NSights Blog

Stepping stones to success

Helen Kidane reflects on her experiences in the Dean’s Future Scholars program and how it helped her succeed in her undergraduate career.

The first time I stepped foot onto a college campus I was 12 years old. It was at UNR, of all places, and it was the middle of my summer break. I had been participating in a program called Dean’s Future Scholars (DFS). At that point, I had some resentment for these people that made me waste my summer at “school”, but we spent our time doing science projects and dancing at talent shows, and it was admittedly a better summer than anticipated.

I like to think of the events of my life as little stepping stones on a path that have led me to where I am today. Being at DFS that summer was certainly one of those stepping stones for me. DFS is an academic outreach program that seeks to provide first-gen, low-income students in the community with access to higher education. It is a program that targets middle school students and follows them until they graduate high school. I got into the program of course because I checked all the boxes; I certainly wasn’t rich, and my parents immigrated to the U.S. and had never gone to college. When I joined the program in middle school I had no expectations. I knew that I wanted to go to college but I didn’t know how to get there.

Through DFS I was introduced to many mentors throughout middle and high school, and they would spend their time with me talking about college – what I wanted to do, what it would be like, how I could pay for it, etc. I always enjoyed these conversations, not only because I was eager to go to college, but I was able to bond with mentors who saw my potential as a student and helped me develop my academic career. More importantly, I got to see mentors who were in college and looked like me, and that truly made me feel like I could really do it.

Another one of my pivotal stepping stone moments happened with my high school mentor.
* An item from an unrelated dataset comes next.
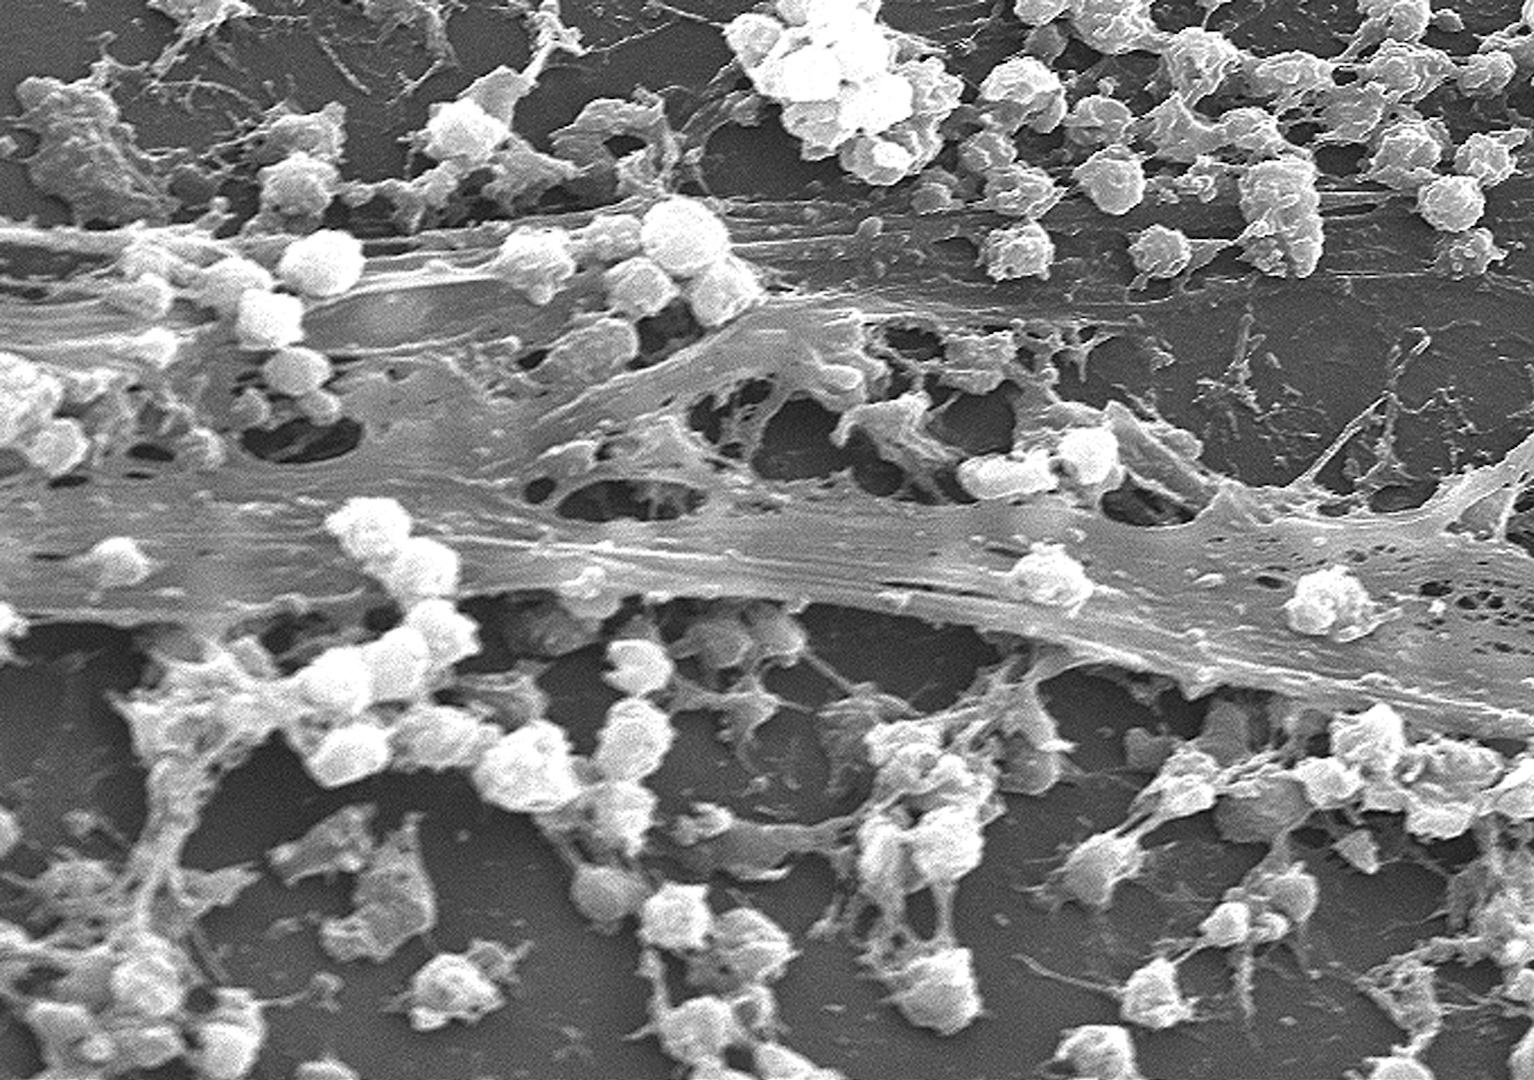 Staphylococcus aureus bacterial biofilm on an indwelling catheter.

I was venting to him about a paper for a class that I had no clue how to write about. All I knew was that I wanted to write a psychology paper. My mentor, being a psychology major himself, decided to lend me one of his textbooks so that I could find something to write about. While I probably didn’t understand a lot of what was in that textbook at the time, it sparked an interest in me and I knew that psychology was a field that I wanted to pursue, and I used that book as a reference for the rest of my psych papers in high school. Something that I think is hard to find in other programs is the strong interpersonal relationships that you build with your mentors in the program. I truly felt like my mentors took the time to get to know me, and they provided me with the resources I needed to thrive both as a student and as a person.

As I grew out of the program and began my studies at UNR, I was able to reflect on the value and influence that DFS had on my academic development. This program provided support for students that are often neglected in schools due to a lack of resources and accommodations. When the odds are so heavily stacked against you, it is easy to slip through the cracks. One of the great things that this program provides is a sense of community. I have met many students through the program who I felt were a part of the backbone of my success in high school and even college. Not only do you have people cheering you on, but you’ve also got people to look up to who come from the same background as you. It is because of these reasons that I decided to mentor for DFS myself. I wanted to be that role model for a student who didn’t think they could do it before. I wanted to be someone else’s stepping stone, the same way my mentors were for me.

As of right now, I am in the second year of my master’s in the Behavior Analysis program at UNR. I’ve been a mentor for 4 years, and I’ve been able to meet so many bright students in the community who have such a strong drive for learning much like I did when I was in their shoes. While a lot of these pivotal moments in my life seemed so small in the moment I look behind me and I see that I’ve paved such a long path, and I have so much more to go. DFS has done so much for many students in our community, and it is thanks to DFS that we have created so many paths to a bright future.